Where do you see the potential – if there is any – for critical and speculative practice to generate concrete actions in order to reach different futures? How could this aspect be incorporated into the future of education?
Let me return to the pandemic crisis, as I believe it offers us some instructive perspectives on this question as well. Right now it seems clear that futures in which the various healthcare systems don’t collapse from the spike of infected patients, translate to presents where people develop habits and rituals for e.g. properly disinfecting their hands and staying two metres apart. With all the speculative work going into articulating futures that are supposed to alter our presents, I find this thought quite sobering to be honest.
When students get a brief where they are explicitly invited to unleash the power of imagination and dive into futures, it can sometimes be a very heavy pendulum swing into the fictional domain. In some ways it should be. But while suspension of disbelief is all fine and well, Speculative Design itself needs to come to terms with the fact that it has an inherent escapist drive as a result of this preoccupation. It is the iridescent stickers on that TV-Shop machine in the corner of the otherwise monochrome Design Gym, serenading you from across the room.
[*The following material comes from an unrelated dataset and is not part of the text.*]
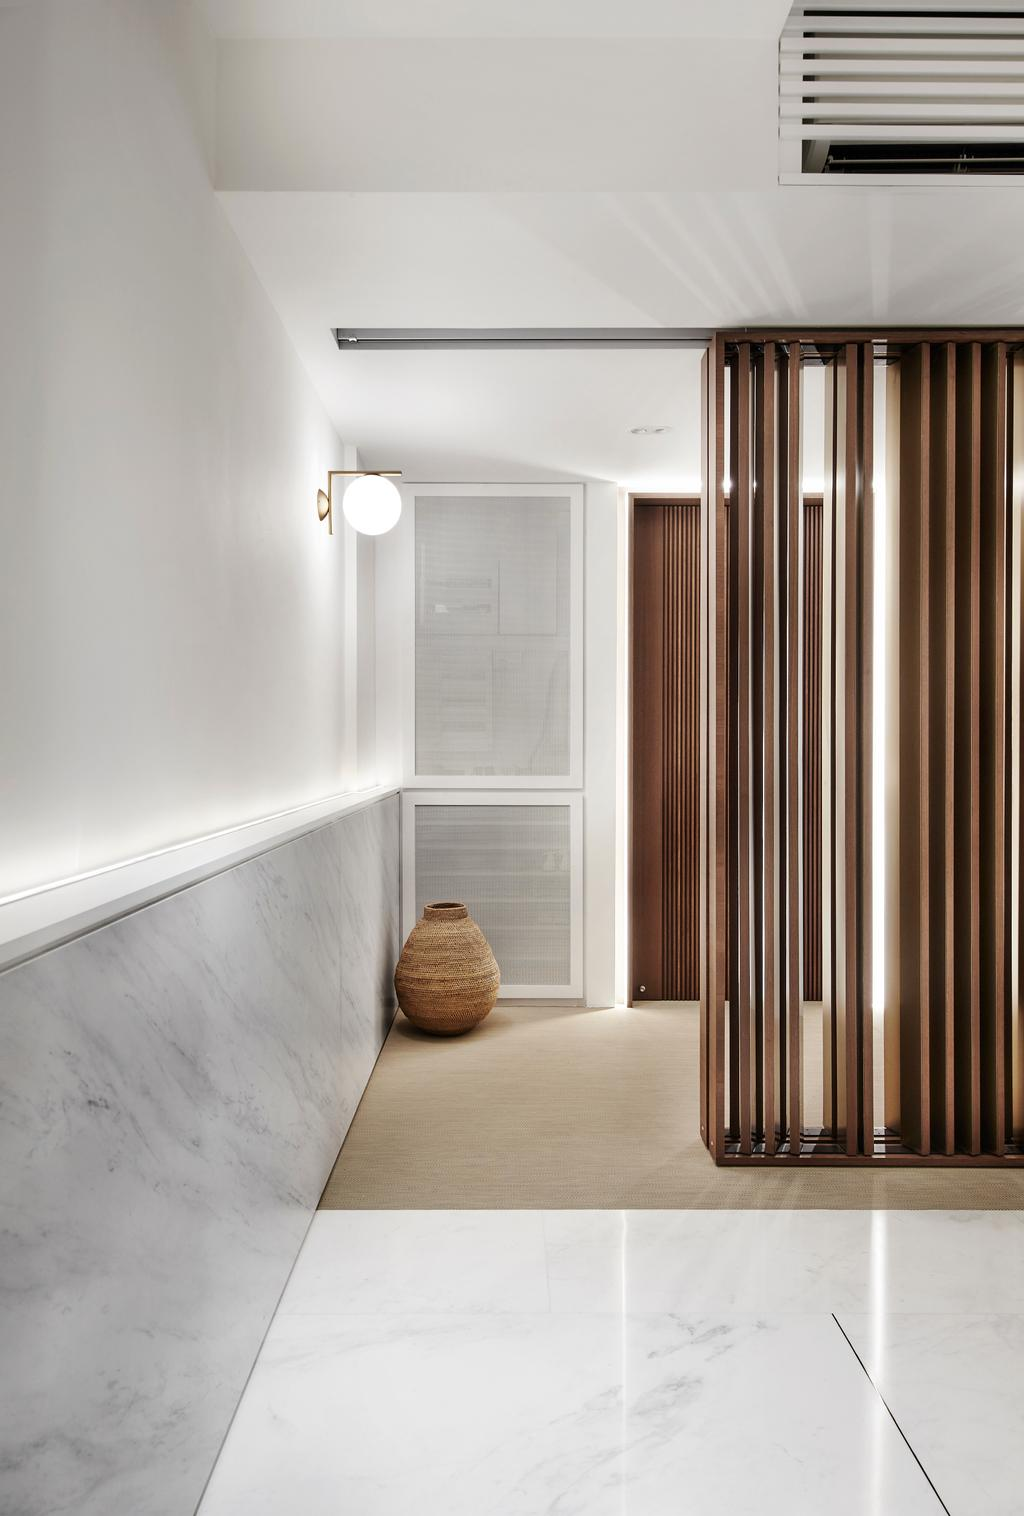 Contemporary, Condo, The Seafront, Architect, UPSTAIRS_, Minimalistic, Jar, Pottery, Vase, Door, Folding Door, Indoors, Interior Design

I believe we need to see pata-designers coming out of education, who understand that all these instruments in the Design Gym are imaginary solutions, nothing more, nothing less. That Critical and Speculative Design, however hyped and celebrated, too simply are other imaginary solutions. They will walk out into the world, and establish magnificent design practices. And an overpriced department store will want to sell their stuff just before the cashier, and they will say “yes!” And a design biennale will call them and invite them to exhibit, and they will say “yes!”. And a local charity would like to raise money selling off their things in an online auction and they will say “yes!” And trend forecasters will feature them in that back section depicting Spring 2023 and they will say “yes!”. And climate activists will want to set their things on fire and upload it on their Instagram and they will say “yes!”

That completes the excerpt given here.